Lawrence Auster: Remembering a white working class neighborhood of the mid twentieth century
How idiotic these "race realist" types are! -- the reason "white working class neighborhood of the mid twentieth century" no longer exist is because no one wants to be a "white working class" person living in a "white working class neighborhood", and certainly not with a "mid twentieth century" lifestyle ... but they do seem to want someone else to be that and live there and at that level of material deprivation. As witness both the item of May 27 and the addition of May 28.
Lamenting the passing of "the old neighborhood" -- that you willingly moved away from, because you could lead an easier and more materially abundant live elsewhere -- makes no more sense than people born in the big, empty rectangular States, living in California, and lamenting the on-going depopulation of said BERSs.
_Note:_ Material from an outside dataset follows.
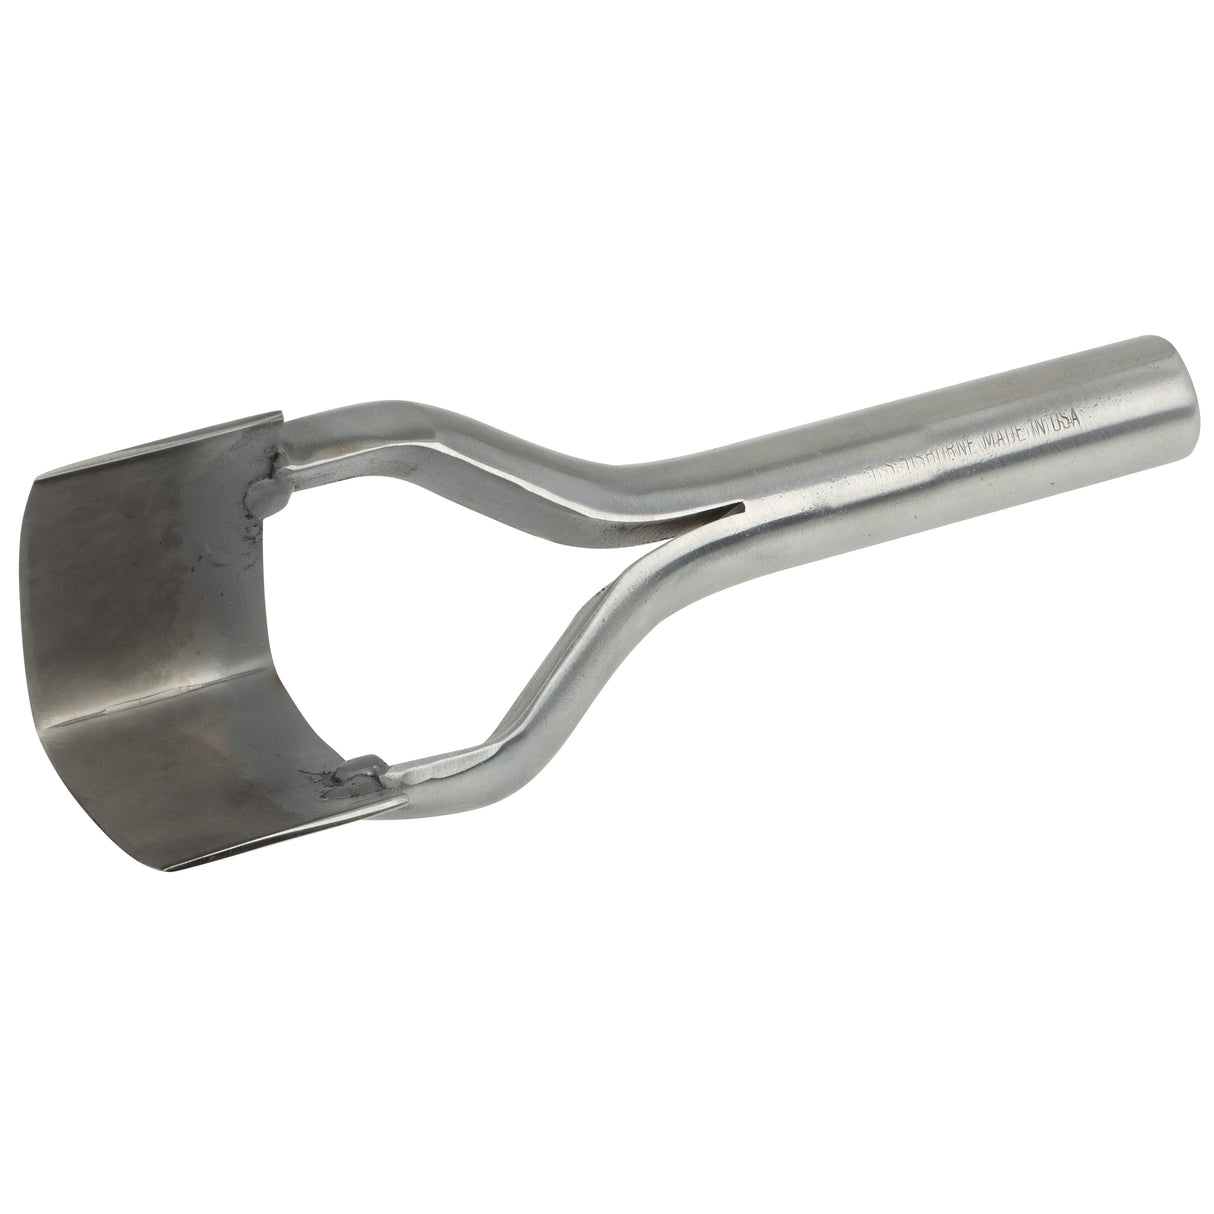 English Point Strap End Punch

My father's people were Southern sharecroppers (well, following the Civil War and other "reversals," they were) ... and you will *never* catch me waxing nostalgic for the passing of that mode of (just barely) living.
My father, after coming North (essentially abandoning the land that he, even as a sharecropper, had managed to purchase at the age of 16), frequently worked two and even three jobs to support his family -- we were poor, and, contrary to the famous saying, we knew it -- and you will *never* catch me waxing nostalgic for the passing of that mode of (just barely) living.
Though, you might catch me lamenting the abandonment of the land, which, at the time, was nearly worthless, for it had never been logged. Still, he chose to feed us in preference to paying the taxes on the land, and for that I am grateful.
edit:
My hometown, South Bend, had those quaint ethnic "white working class neighborhood of the mid twentieth century" when my mother was growing up in the 1930s and 40s. And just as with black and Mexican neighborhoods today, the emphasis was on the 'ethnic' part of "ethnic neighborhood" ... a Pole wasn't safe in a Hungarian neighborhood, nor again either in an Irish neighborhood, and vice versa. The *reason* that South Bend (and no doubt other industrial cities with multiple non-British ethnic groups) had so many small Catholic parishes is that their ethnicity and old-world hatreds were more important to them than their claimed Christianity and common, if somewhat new, Americanness.
I say, thank God that the grandchildren of all those early 20th century ethnic immigrants abandoned "the old neighborhood" and became just regular old Americans.